In Europe, the General Data Protection Regulation (GDPR) has hampered investment in new digital firms. It’s hardly necessary to spell out that Facebook, Twitter, Google, and the gang benefit from this hedge.
This brings me back to my own rude encounter with indirect grants of special privilege. I was re-reading an email for the fifth time, making sure I’d grasped its terse contents. For the past 6 months, I’ve been helping our startup achieve compliance with the Children’s Online Privacy Protection Act (COPPA). I’d meticulously take screenshots of every page of our site and send them to a group of lawyers who specialized in digital compliance. They’d respond with requirements and recommendations that I’d communicate to our developers.
As with so many other indirect entry barriers, COPPA seemingly has the best of intentions: protect children under 13 while they use the internet. It’s possible COPPA achieves its goal, but I’m no expert.
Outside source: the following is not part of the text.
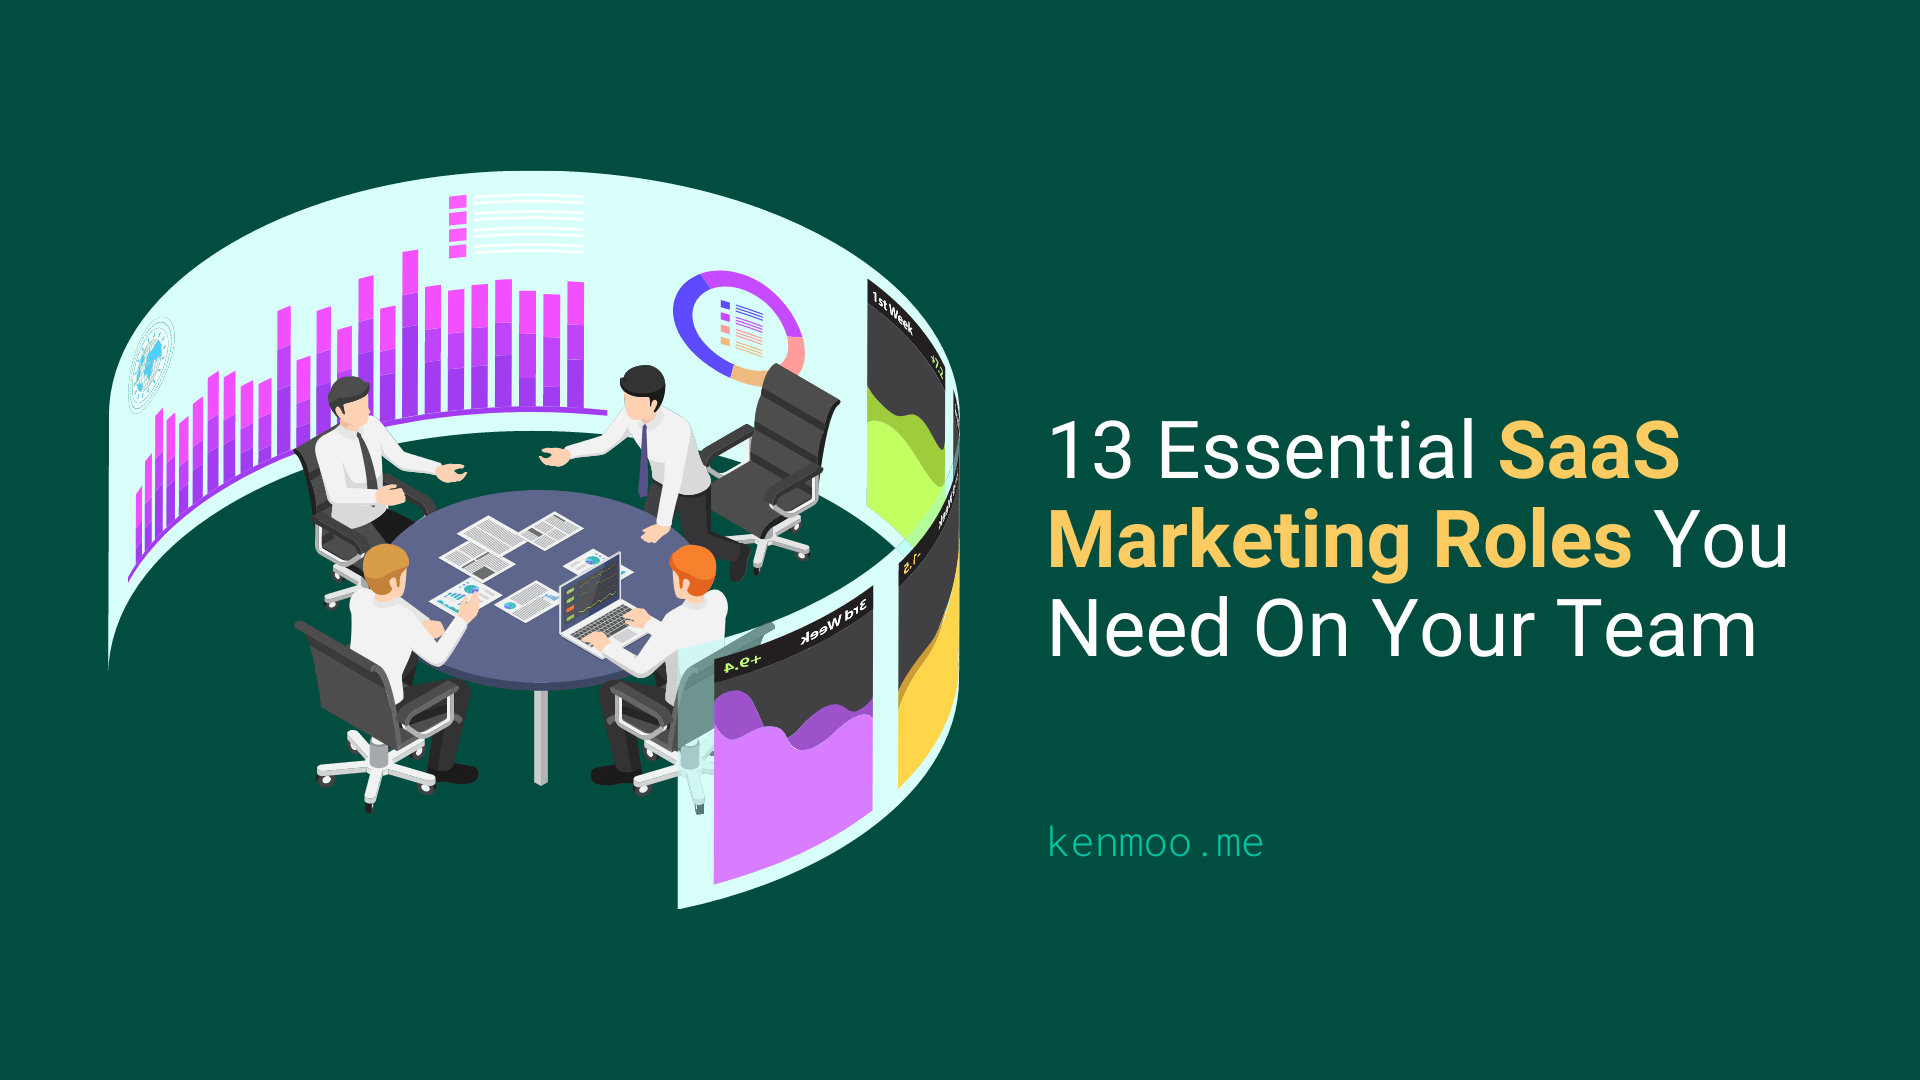 13 Essential SaaS Marketing Roles You Need On Your Team

What I did learn with utter clarity, however, is that even the most well-intentioned public policy has ripple effects that policymakers are not always capable of anticipating. I was (re) reading the email from our legal counsel based in D.C. The very kind lawyer I’d been corresponding with was reluctant to inform me that Congress had just passed a significant overhaul of COPPA. Our hard work over the last six months was in vain. We’d be starting over.
Except we never did.
At that moment, our CEO decided we simply wouldn’t enter the market for children 13 and under. This decision was particularly ironic because I’ve never encountered a digital product that would have been safer for children than the one we were offering. Privacy and security were the differentiating hallmarks of our product. Nonetheless, the costliness of compliance foreclosed our entry. Regrouping, the CEO announced we “might” service that market segment later when we were bigger and had more resources.
My toil of six months was flushed away in an instant. The hard work of a dozen developers was likewise in vain. And it would be easy to focus on that “wasted” labor, but mistakes—errors—happen in markets and in life all the time. They’re unavoidable. No, here, the true cost was that the so-called Tech Giants lived to see another day, as an impudent upstart with aims of nipping at their heels was kicked to the curb by government’s visible hand foot.
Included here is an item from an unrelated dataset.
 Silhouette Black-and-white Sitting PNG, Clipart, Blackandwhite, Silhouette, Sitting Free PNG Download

How long did it take (say) Facebook to become compliant with the new COPPA regulations? If I had to guess, I’d say two hours. Within seconds of Congress passing the amendments, Facebook leadership was undoubtedly abreast of these developments. Facebook’s large internal legal team quickly conferenced with a few of their world-class engineers, who summarily made the necessary changes.
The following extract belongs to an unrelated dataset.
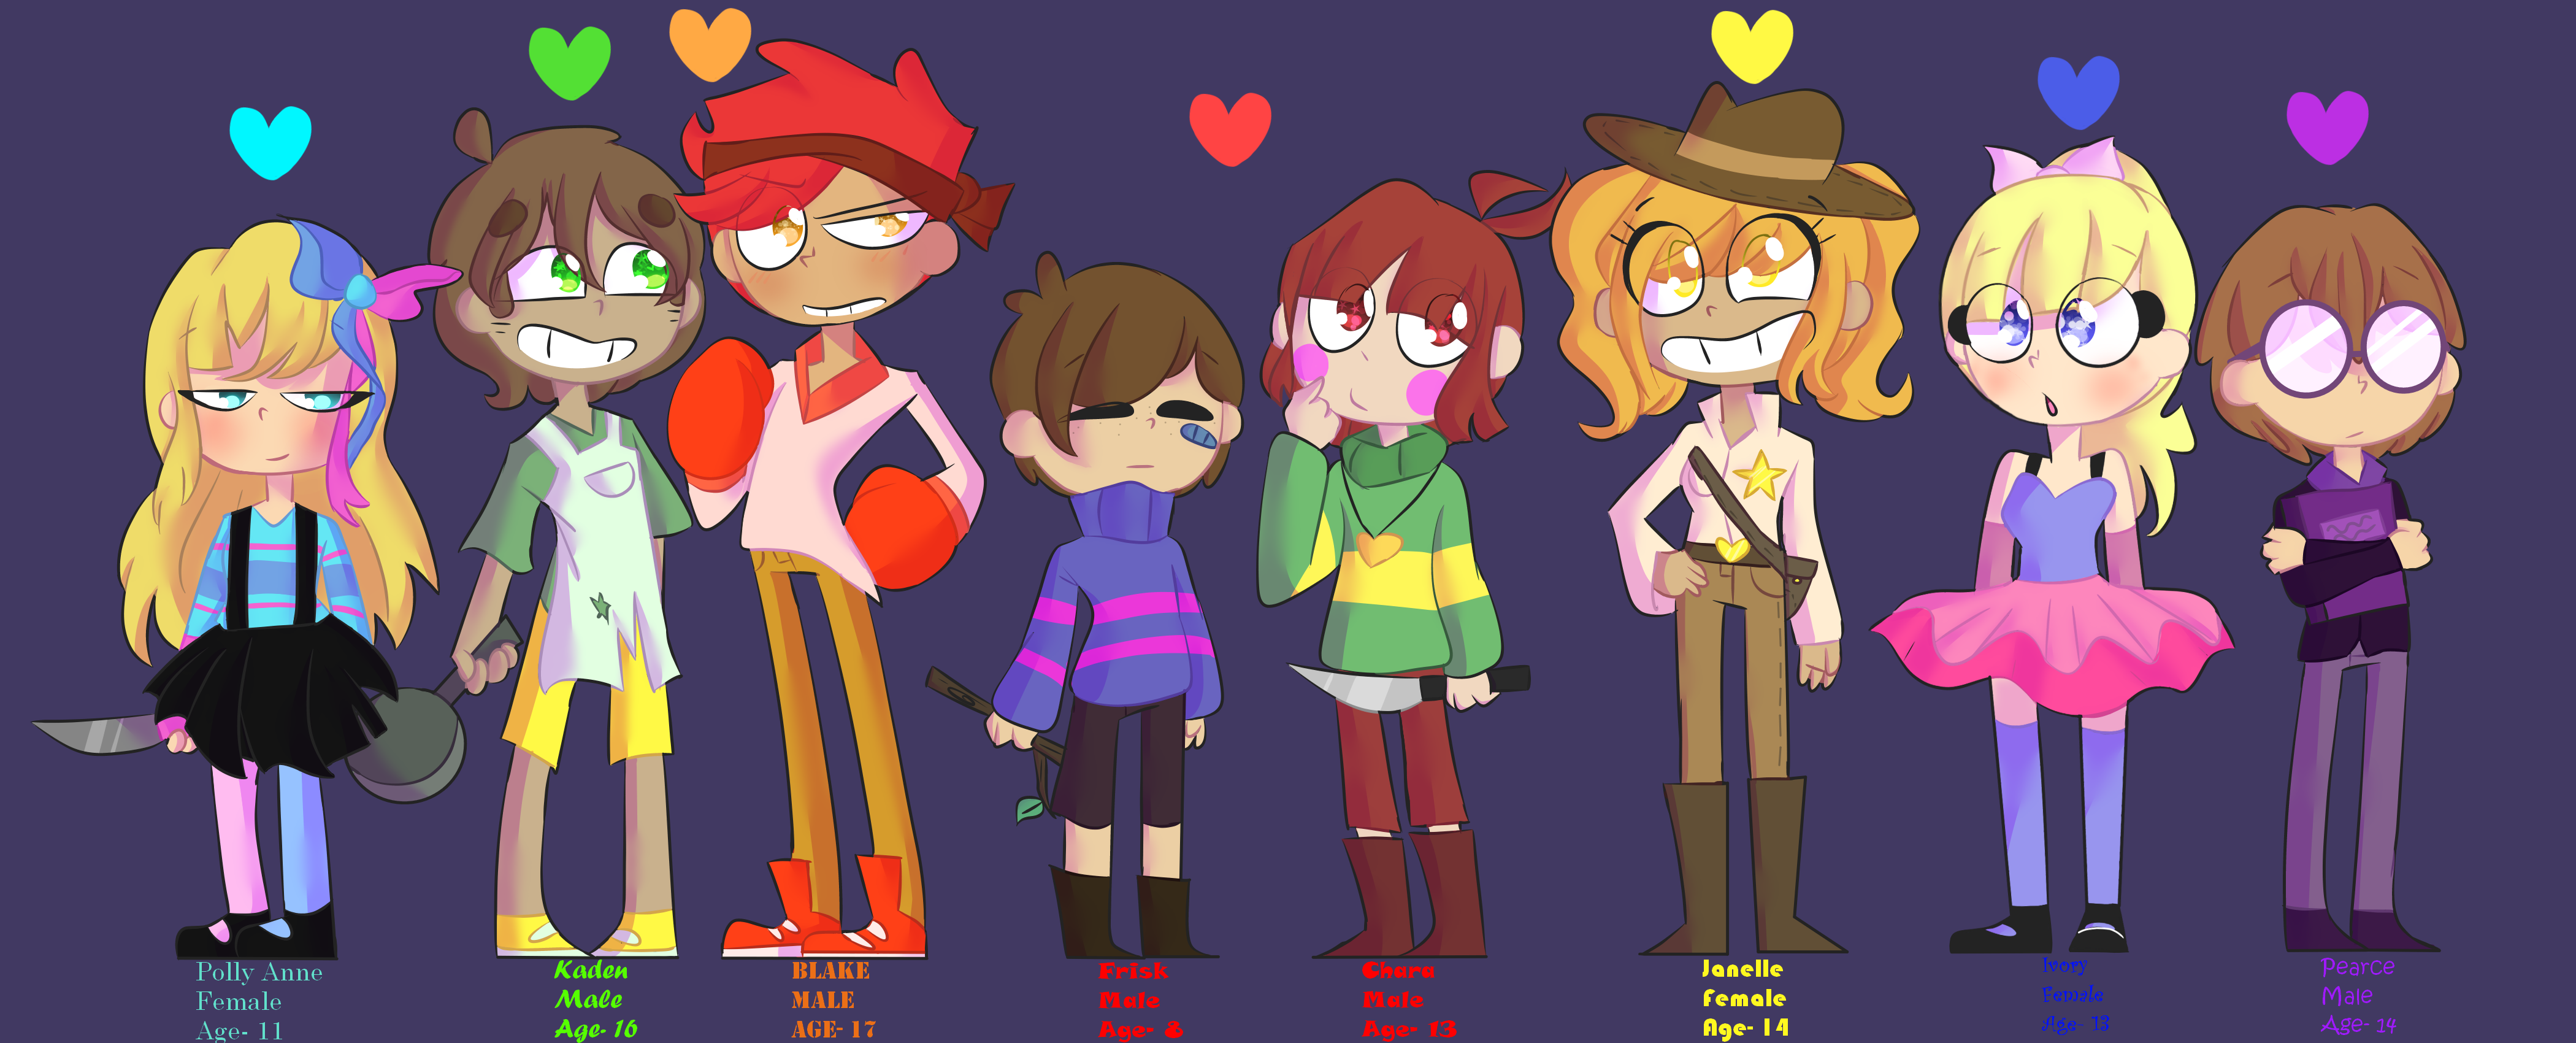 The Eight Human Souls Redraw By Maditani On Deviantart

Even before the malaise generated by the cocktail of COVID, COVID policy, and money-printing, it was well-acknowledged that the U.S. economy had grown increasingly sclerotic. While a blip in the grand scheme of things, it’s a trend that invites more and urgent research, as a consensus on its causes does not seem to be forthcoming. Research must reveal what share of the U.S. economy’s decreasing dynamism is due to a proliferation of indirect grants of special privilege.
What I know, though, without any sophisticated econometrics, is that my own encounter with indirect grants of special privilege is not one I wish to repeat any time soon—or ever.